En sezgiyi sağlamaya çalışmak için en basit durumu ele alalım. Let ile ayrı bir dağılımından bir iid örnek olarak k sonuçları. Let π 1 , ... , π k her bir sonucun olasılıkları olun. Ki kare istatistiği X 2 = k ∑ i = 1 ( As i - n π i ) 2'nin (asimtotik) dağılımı ile ilgileniyoruz
X1,X2,…,Xnkπ1,…,πk
X2=∑i=1k(Si−nπi)2nπi.
Here
nπi is the expected number of counts of the
ith outcome.
A suggestive heuristic
Define Ui=(Si−nπi)/nπi−−−√, so that X2=∑iU2i=∥U∥22 where U=(U1,…,Uk).
Since Si is Bin(n,πi), then by the Central Limit Theorem,
Ti=Ui1−πi−−−−−√=Si−nπinπi(1−πi)−−−−−−−−−√→dN(0,1),
hence, we also have that,
Ui→dN(0,1−πi).
Now, if the Ti were (asymptotically) independent (which they aren't), then we could argue that
∑iT2i was asymptotically χ2k distributed. But, note that Tk is a deterministic function of (T1,…,Tk−1) and so the Ti variables can't possibly be independent.
Hence, we must take into account the covariance between them somehow. It turns out that the "correct" way to do this is to use the Ui instead, and the covariance between the components of U also changes the asymptotic distribution from what we might have thought was χ2k to what is, in fact, a χ2k−1.

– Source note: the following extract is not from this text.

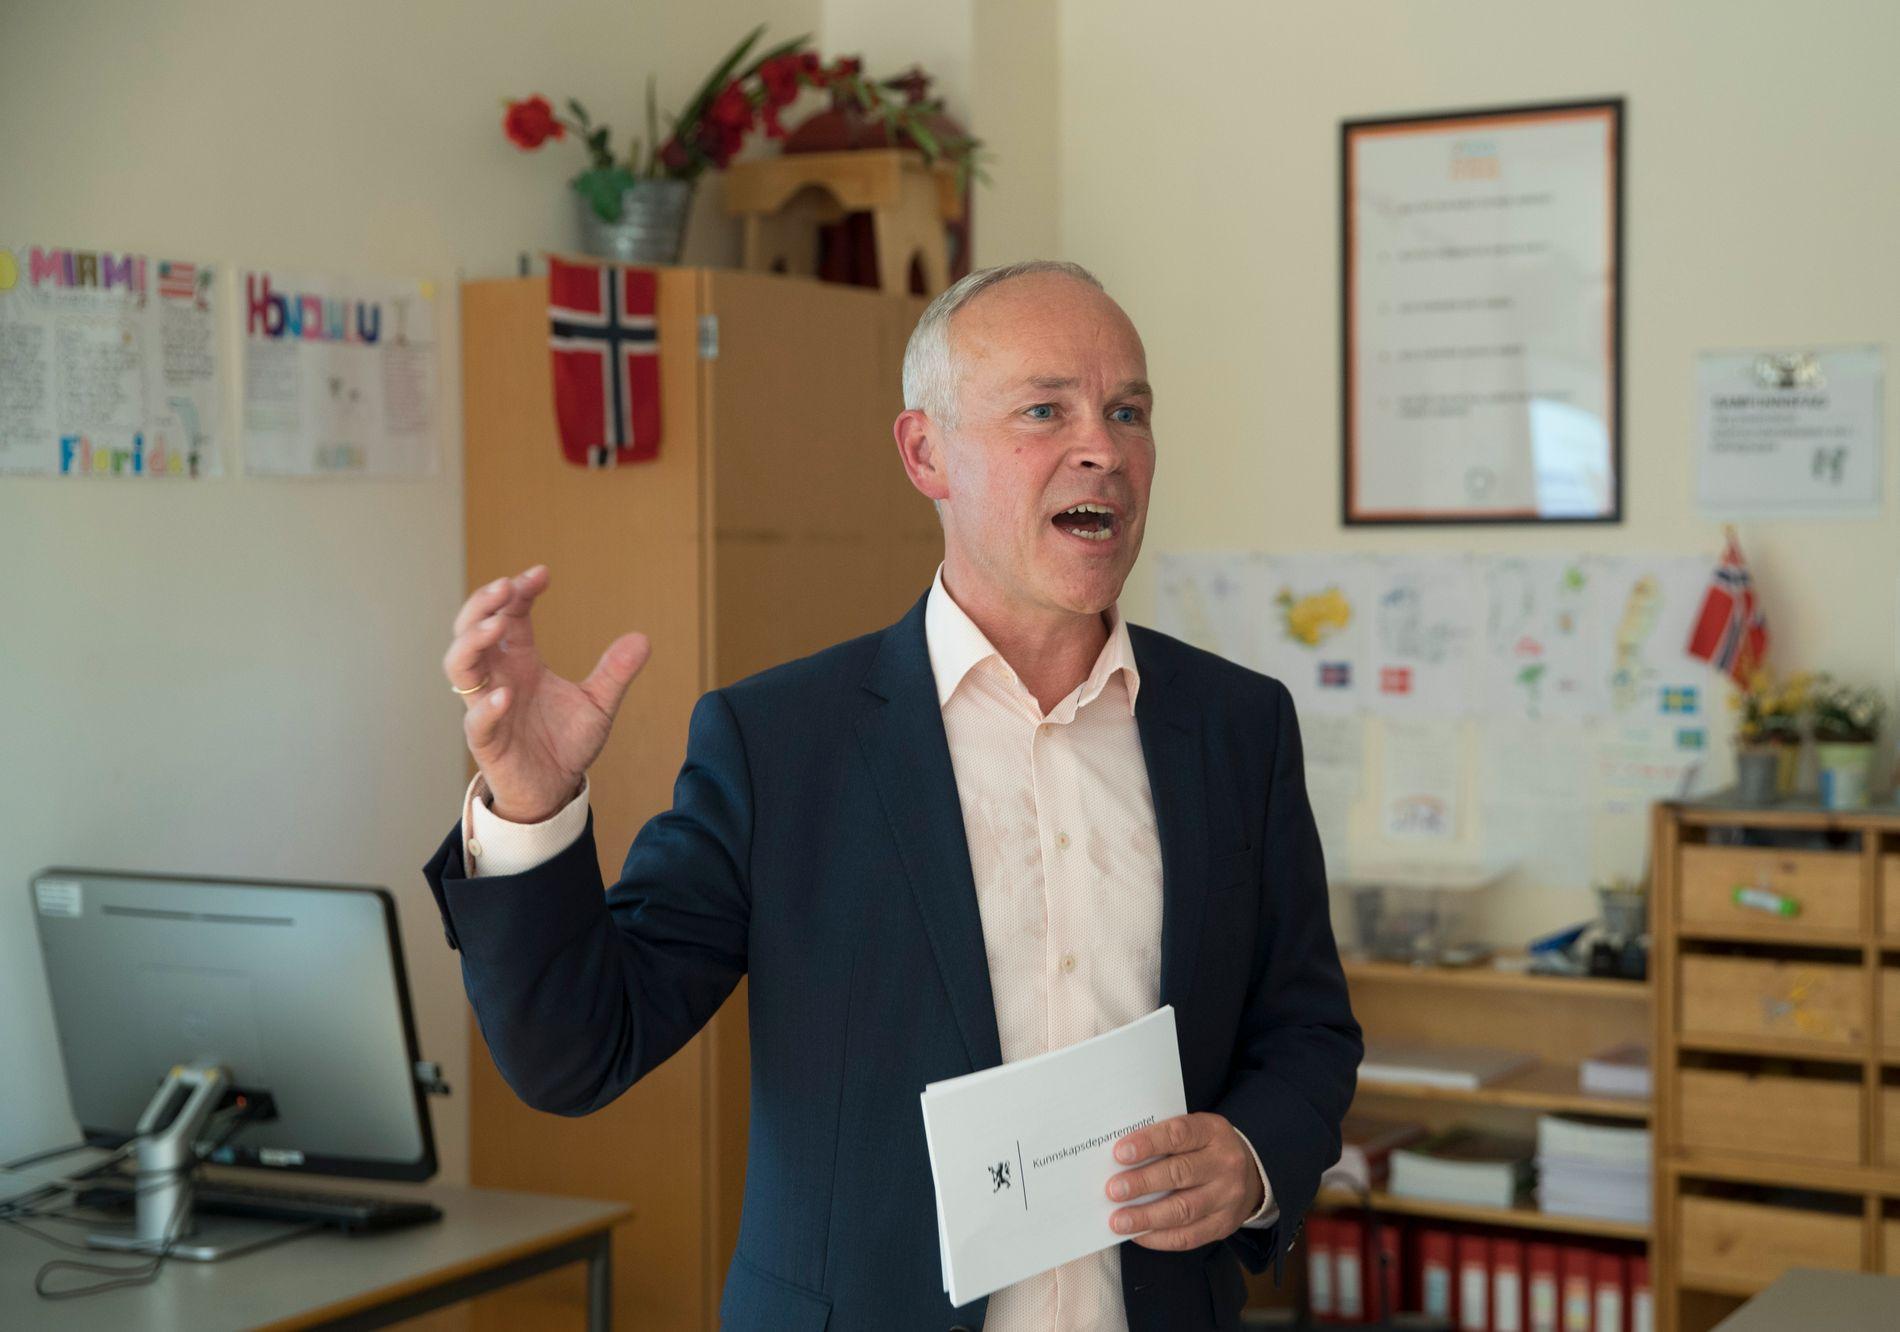 EKSTRAORDINÆRE TILFELLER: Kunnskaps- og integreringsminister Jan Tore Sanner (H) sier at pålagt skolebytte skal kun være et tiltak i ekstraordinære tilfeller der andre tiltak ikke har vært nok.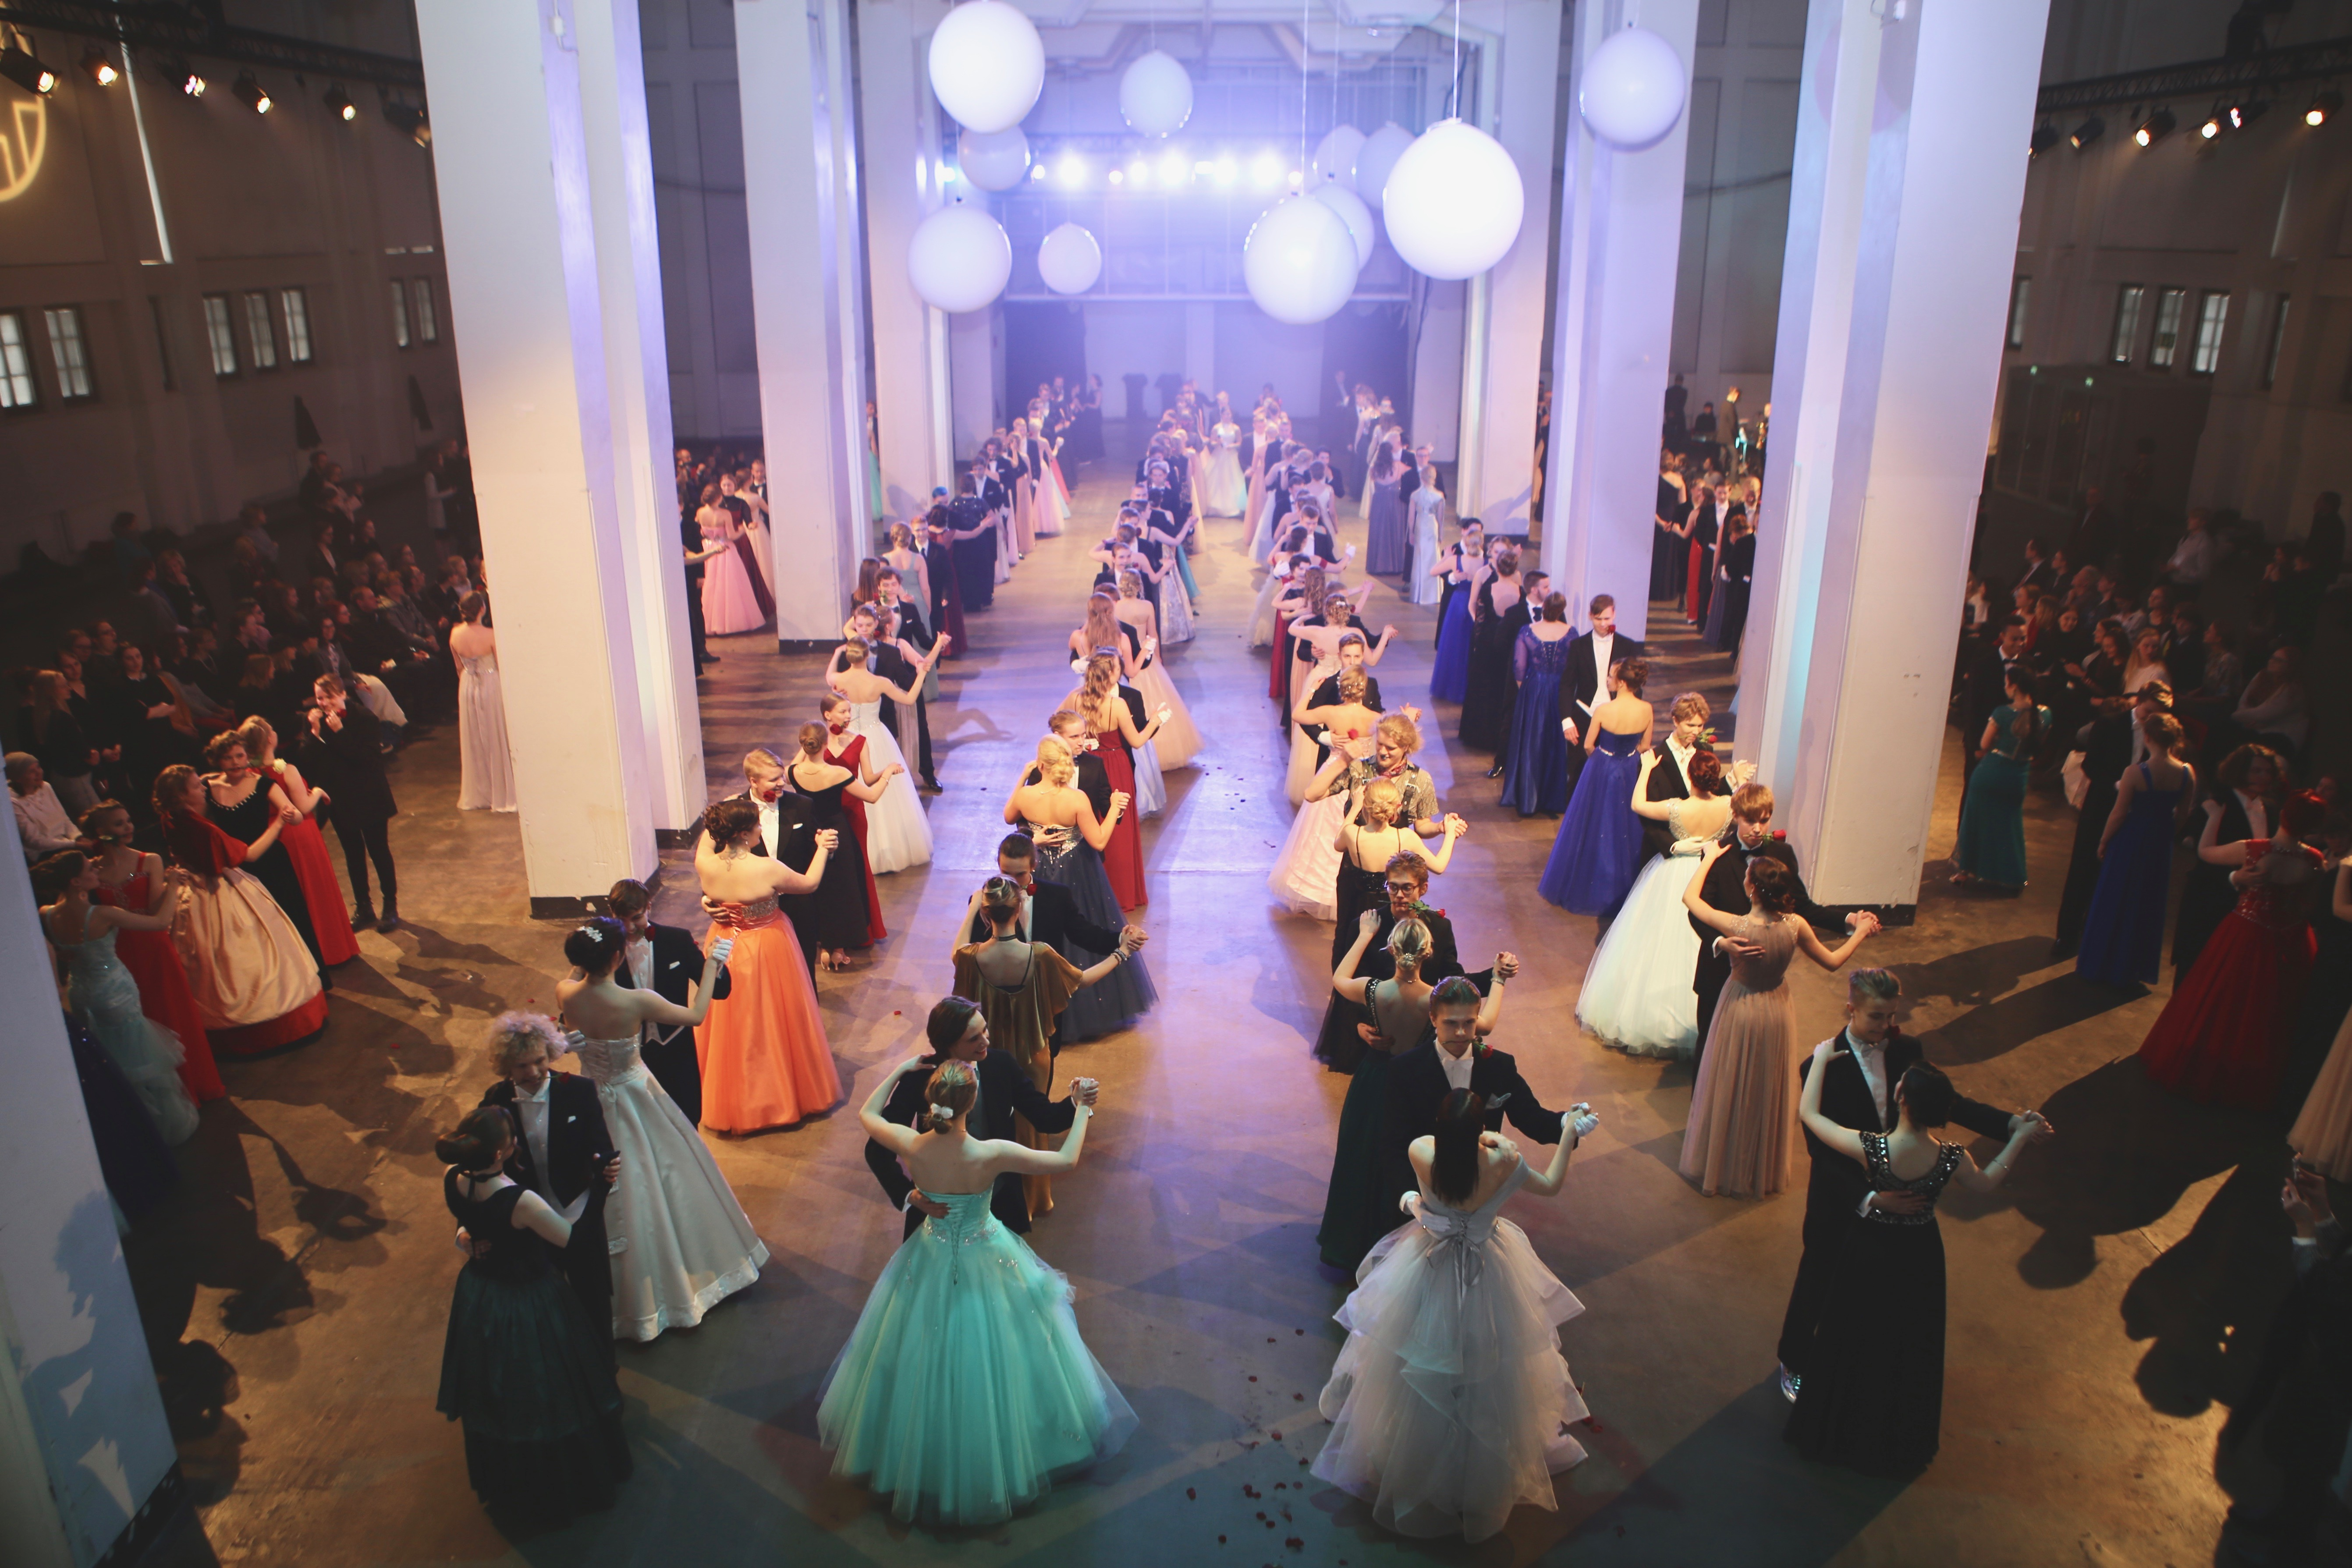 Lahden lukioissa esiintyy lähes 300 tanssiparia - vanhojen tansseja pääsee seuraamaan Suurhallissa perjantaina

Some details on this follow.
A more rigorous treatment
It is not hard to check that, in fact,
Cov(Ui,Uj)=−πiπj−−−−√ for i≠j.
So, the covariance of U is
A=I−π−−√π−−√T,
where
π−−√=(π1−−√,…,πk−−√). Note that
A is symmetric and idempotent, i.e.,
A=A2=AT. So, in particular, if
Z=(Z1,…,Zk) has iid standard normal components, then
AZ∼N(0,A). (
NB The multivariate normal distribution in this case is
degenerate.)
Now, by the Multivariate Central Limit Theorem, the vector U has
an asymptotic multivariate normal distribution with mean 0 and
covariance A.
So, U has the same asymptotic distribution as AZ, hence, the same asymptotic distribution of
X2=UTU is the same as the distribution of ZTATAZ=ZTAZ by the continuous mapping theorem.
But, A is symmetric and idempotent, so (a) it has orthogonal
eigenvectors, (b) all of its eigenvalues are 0 or 1, and (c)
the multiplicity of the eigenvalue of 1 is rank(A). This means that A can be decomposed as A=QDQT where Q is orthogonal and D is a diagonal matrix with rank(A) ones on the diagonal and the remaining diagonal entries being zero.
Thus, ZTAZ must be χ2k−1 distributed since
A has rank k−1 in our case.
Other connections
The chi-square statistic is also closely related to likelihood ratio
statistics. Indeed, it is a Rao score statistic and can be viewed as a
Taylor-series approximation of the likelihood ratio statistic.
References
This is my own development based on experience, but obviously influenced by classical texts. Good places to look to learn more are
- G. A. F. Seber and A. J. Lee (2003), Linear Regression Analysis, 2nd ed., Wiley.
- E. Lehmann and J. Romano (2005), Testing Statistical Hypotheses, 3rd ed., Springer. Section 14.3 in particular.
- D. R. Cox and D. V. Hinkley (1979), Theoretical Statistics, Chapman and Hall.